1. It is the duty of all officers, who impound motor vehicles, to perform an inventory of those vehicles.
2. The purpose of this inventory will be to ensure a proper accounting of all property in or attached to the vehicle in order to protect the officer from liability of assumed damages and/or missing property.
3. The officer performing the inventory will conduct a thorough and uniform inventory of the vehicle and its compartments.

         One of the regulations listed in the policy statement provides that "[o]fficers should take all necessary precautions when towing a vehicle to properly search and inventory a vehicle. An inventory search is intended to protect the citizen, the officer and the wrecker company from claims of loss and theft."
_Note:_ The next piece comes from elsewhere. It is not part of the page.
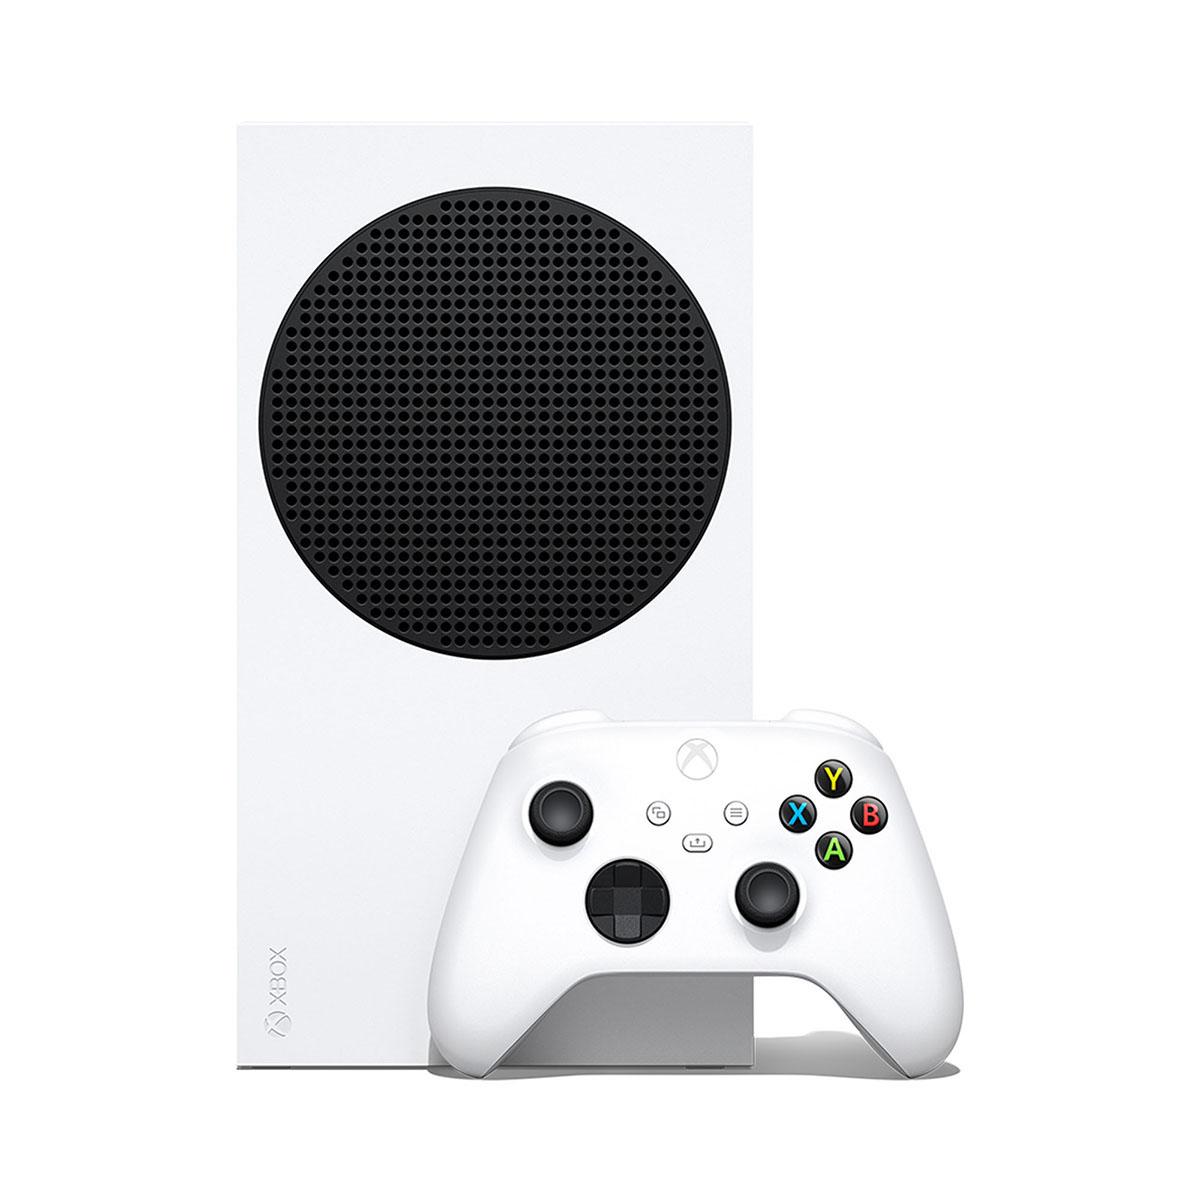 Xbox Series S z kontrolerem (padem) - widok z przodu
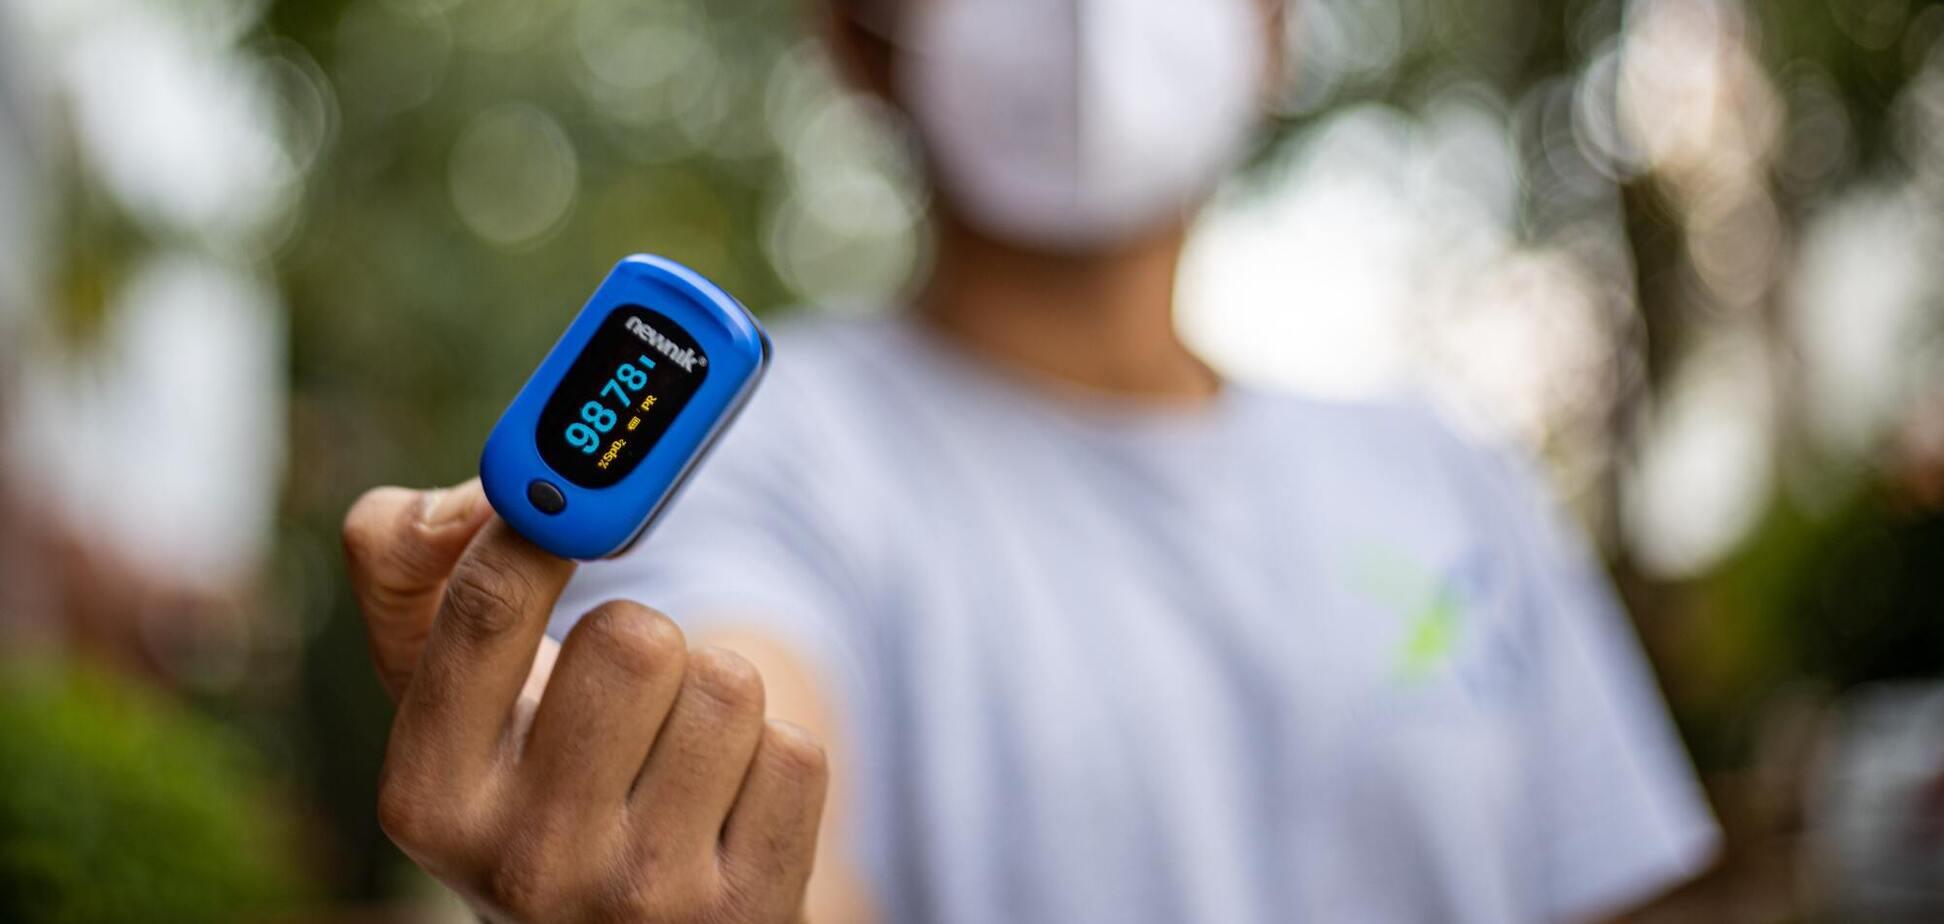 У Міністерстві охорони здоров'я українцям порекомендували придбати пульсоксиметр

         Citing Florida v. Wells, 495 U.S. 1 (1990), Perez-Trevino argues that the inventory search of the car violated the Fourth Amendment because the Chouteau Police Department policy did not provide sufficiently standardized criteria for searching closed containers inside the vehicle. "It is 'well-settled' law that 'a police officer, after lawfully taking custody of an automobile, may conduct a warrantless inventory search of the property to secure and protect vehicles and their contents within police custody.'" United States v. Williams, 777 F.3d 1013, 1015 (8th Cir. 2015) (quoting United States v. Rehkop, 96 F.3d 301, 305 (8th Cir. 1996)). The search "must comply with 'standardized police procedures.'" Id. at 1016 (quoting United States v. Mayfield, 161 F.3d 1143, 1145 (8th Cir. 1998)). "The police are not precluded from conducting inventory searches when they lawfully impound the vehicle of an individual that they also happen to suspect is involved in illegal activity." United States v. Pappas, 452 F.3d 767, 771 (8th Cir. 2006) (quoting United States v. Marshall, 986 F.2d 1171, 1175-76 (8th Cir. 1993)). We conclude that the Chouteau Police Department towing policy contained sufficiently standardized police procedures for Officer Fisher to inventory the contents of the vehicle and its compartments.

         We do not decide whether the Chouteau inventory policy provided Officer Fisher with authority to open the cooler. Instead, we affirm the denial of the motion to suppress because, at the time he opened the cooler, Officer Fisher had sufficient probable cause to search the vehicle and its contents under the "automobile exception" to the Fourth Amendment warrant requirement. Accord United States v. Winters, 221 F.3d 1039, 1042 (8th Cir. 2000) ("Trooper Busch then smelled raw marijuana. This created probable cause to search the car and its containers for drugs."). "Under the automobile exception, officers may search a vehicle without a warrant if they have probable cause to believe the vehicle contains evidence of criminal activity." United States v. Davis, 569 F.3d 813, 817 (8th Cir. 2009) (quoting United States v. Cortez-Palomino, 438 F.3d 910, 913 (8th Cir. 2006) (per curiam). Prior to searching inside the cooler, Officer Fisher had obtained contradictory statements from the car's occupants as to their destination, discovered the plastic bag containing the marijuana, and found the dollar bill containing apparent drug residue. This was sufficient probable cause to search inside the cooler. Accord Davis, 569 F.3d at 817-18 ("If there had been any doubt about whether the smell of smoldering cannabis constituted probable cause to search the vehicle, such doubt was obviated by the discovery of a bag of marijuana in Davis's pocket.").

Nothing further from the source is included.